El Gobierno de Estados Unidos convocó a los presidentes de 12 países de Latinoamérica y el Caribe a una cumbre que se celebró el día 7 de marzo en la ciudad de Miami Florida, estos países cuyos gobiernos se identifican con la derecha y comparten los mismos principios que Estados Unidos. La cumbre hemisférica Escudo de las Américas, como la denominó Trump, reunió a países aliados de la región para abordar temas como migración, seguridad, combate al crimen organizado y reducir la influencia de actores externos, como China, en los asuntos regionales.
Participaron los presidentes de: Argentina; Bolivia; Costa Rica; Ecuador; Republica Dominicana; El Salvador; Guyana; Honduras; Panamá; Paraguay; Trinidad y Tobago y, el presidente electo de Chile. La portavoz de la Casa Blanca, Karoline Leavitt, señaló: “son los líderes de estos países que han formado una coalición histórica para colaborar y atajar a los carteles criminales narcoterroristas y la inmigración masiva, no solo hacia Estados Unidos, sino en todo el continente”. ”Esta coalición histórica de naciones colaborará para hacer avanzar estrategias que detengan la injerencia extranjera en nuestro hemisferio, la inmigración ilegal y masiva y los cárteles y bandas criminales y narcoterroristas”.
En la cumbre se destacó la ausencia de México, Brasil, Colombia, Nicaragua y Venezuela, países que aún quedan alineados con el Foro de San Pablo y que en su mayoría tienen conflictos con los traficantes de drogas del continente y que asumen que llevan décadas luchando contra el narcotráfico.
¿Por qué no fue invitada la Presidente de México? Porque solo se invitó a los presidentes con ideologías similares a las de Trump, como sus mejores aliados con ideas afines en el hemisferio para promover la libertad, la seguridad y la prosperidad en la región; y Claudia Sheinbaum no solo no tiene ideas afines con Trump sino todo lo contrario, ella ha militado siempre en la izquierda y además no busca combatir al crimen organizado. Hecho que fue motivo de burla por parte de Trump al exhibir a la presidente de México diciendo que cuando él le propuso que lo dejara exterminar a los carteles de la droga en México ella le contestó: “No, no por favor Sr. Presidente” y califico a México como el epicentro de la violencia de los cárteles.

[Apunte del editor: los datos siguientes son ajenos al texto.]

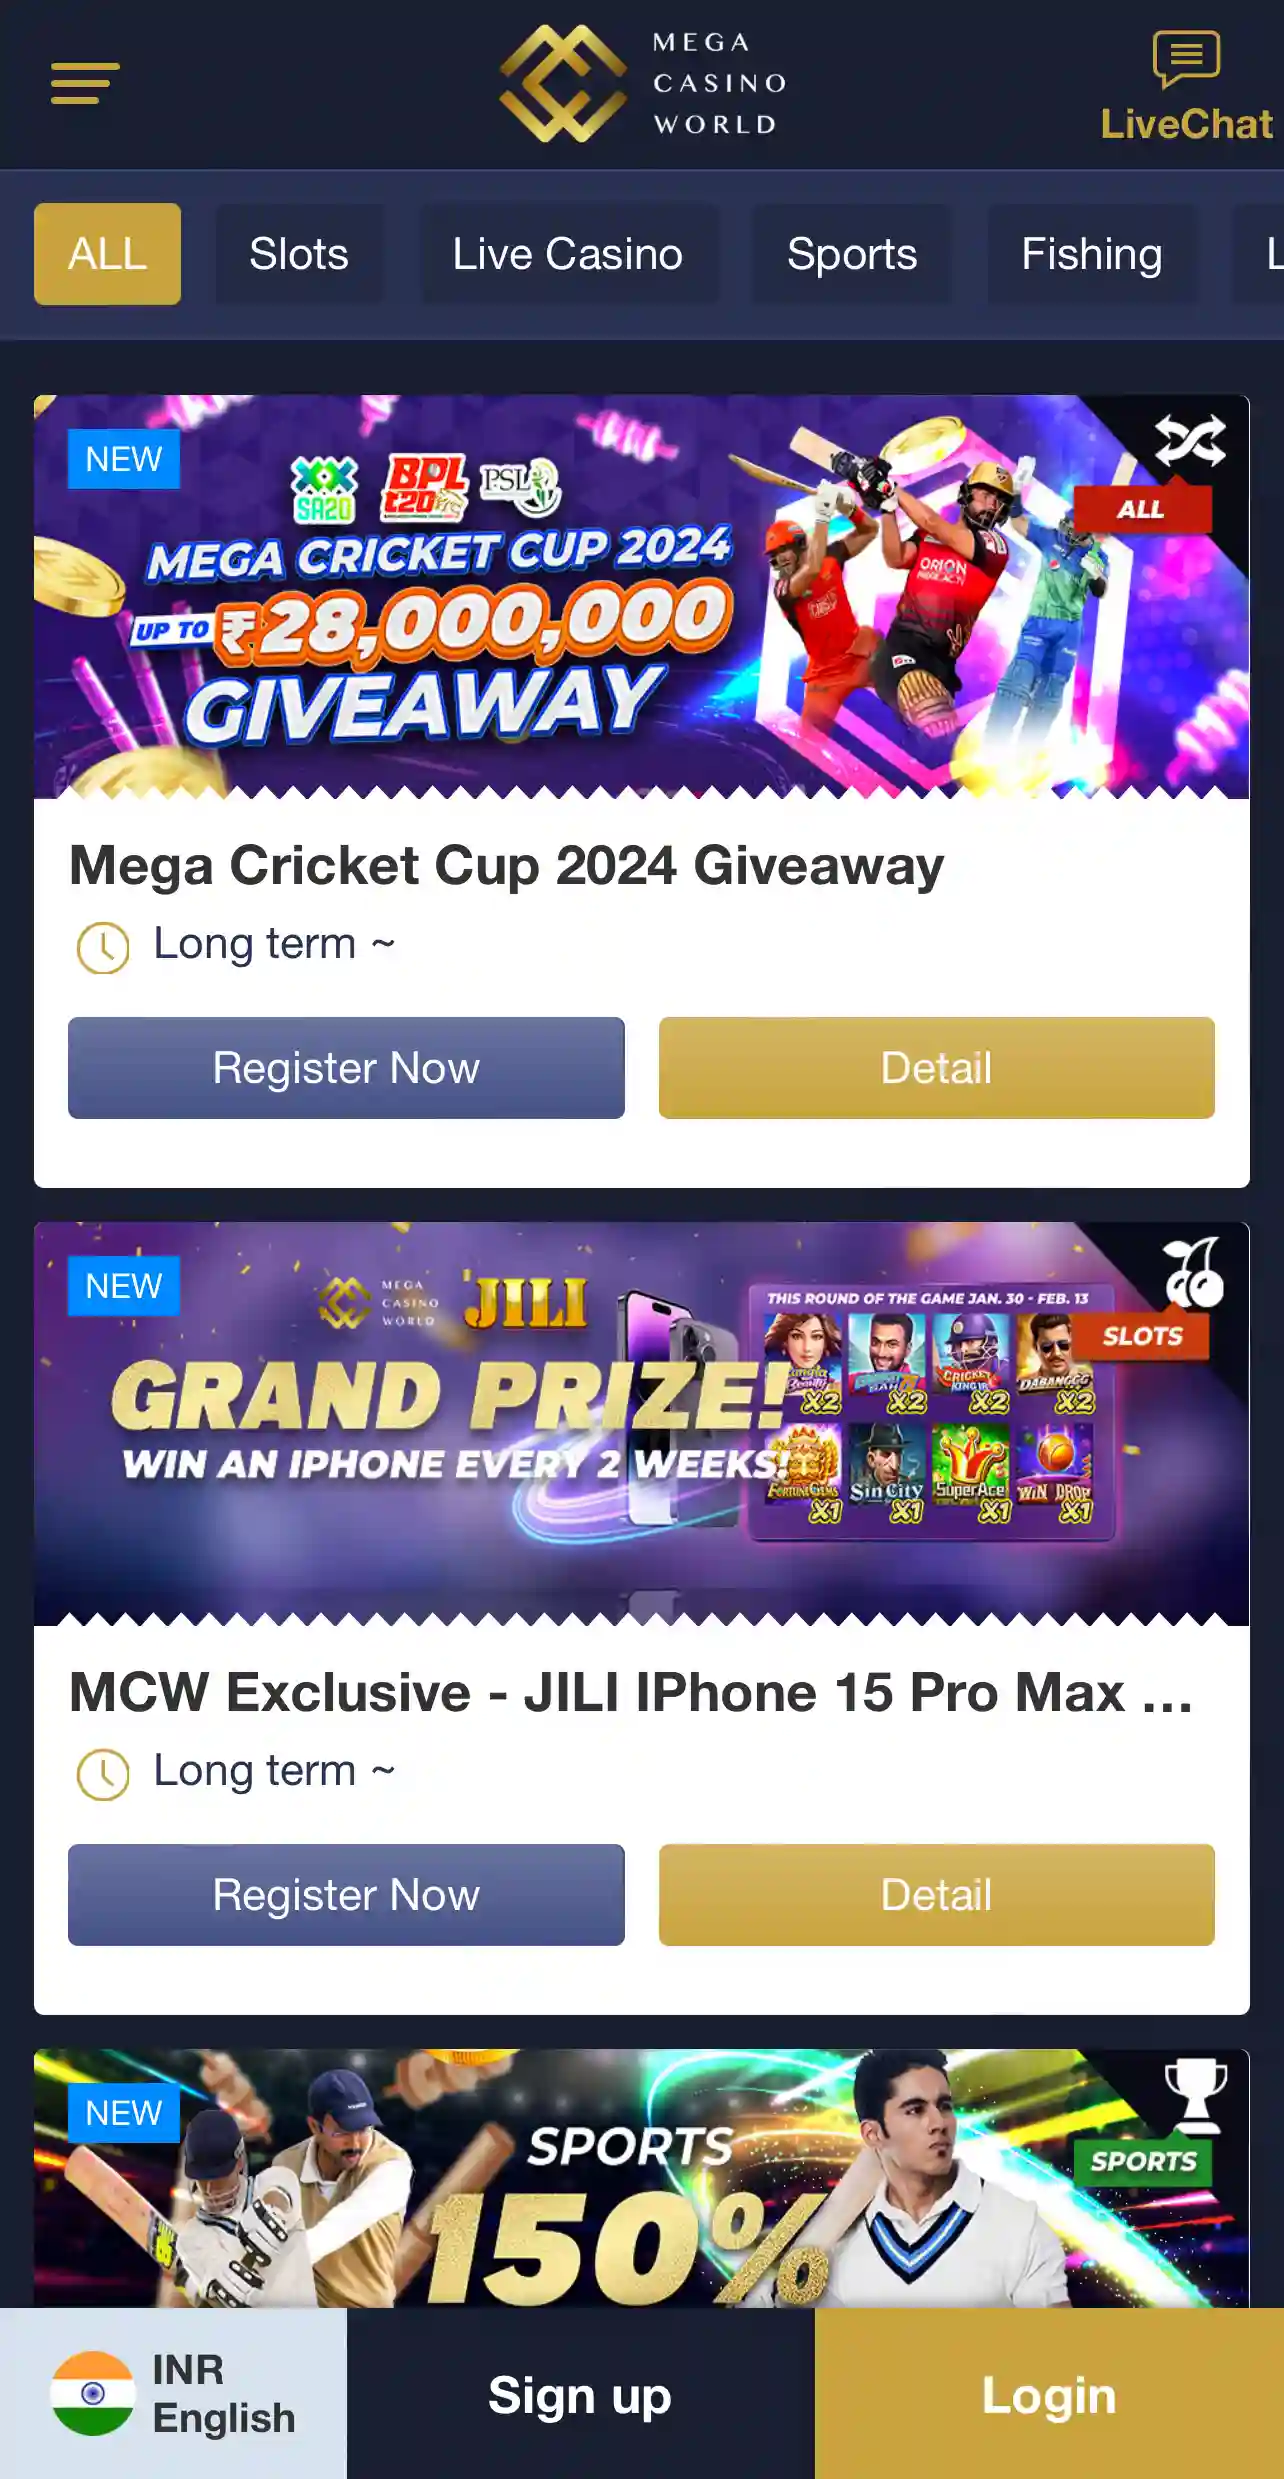 Bonuses and great offers are waiting for you in the Mega Casino World app.

A todas luces, a los ojos del Presidente de Estados Unidos, la Presidente de México no goza de su confianza para hacer alianzas con ella, declara que en lo personal le simpatiza y que incluso tiene una bonita voz, pero con la voz no se logra nada; estas expresiones sobre nuestra Presidente nos demuestran el poco o nulo respeto que siente por la presidente de su vecino país.
La firma de un acuerdo entre los países participantes en la cumbre de Miami, aseguran a Trump la posible intervención del ejército norteamericano en el combate al tráfico de drogas, tal y como lo hizo la semana pasada en Ecuador, mientras que por su parte la presidente Claudia Sheinbaum volvió a declarar que no aceptará la propuesta del presidente Trump para que el ejército estadounidense intervenga en el combate al narcotráfico.
Donald Trump seguirá presionando a la presidente de México para que inicie la persecución y enjuiciamiento de las grandes cabezas del Partido en el poder, Morena, porque de nada sirve que se descabecen los cárteles de la droga si los que quedan en su lugar siguen teniendo el apoyo y la asociación de los altos funcionarios y políticos de México.
El jefe del comando norte del ejército de Estados Unidos ha señalado que un tercio de nuestro territorio está controlado por el narco y lo repiten senadores, representantes y el mismo presidente de aquel país. Trump dice que la presidenta tiene miedo, miedo de romper el pacto con el narco porque podría significar el fin de su mandato y el fin de Morena en el poder.
La Presidente tiene que continuar con las políticas establecidas por López Obrador, pues se encuentra entre la espada y la pared y atada de manos, por un lado tiene la enorme presión de Trump y por el otro lado se enfrenta a los compromisos adquiridos con el narcotráfico al haber aceptado el financiamiento de su pre-campaña y de su campaña y las de todos los candidatos de Morena. Por eso es que Trump acusa que México está gobernando por el narcotráfico. Sheinbaum va a estirar la liga hasta que reviente.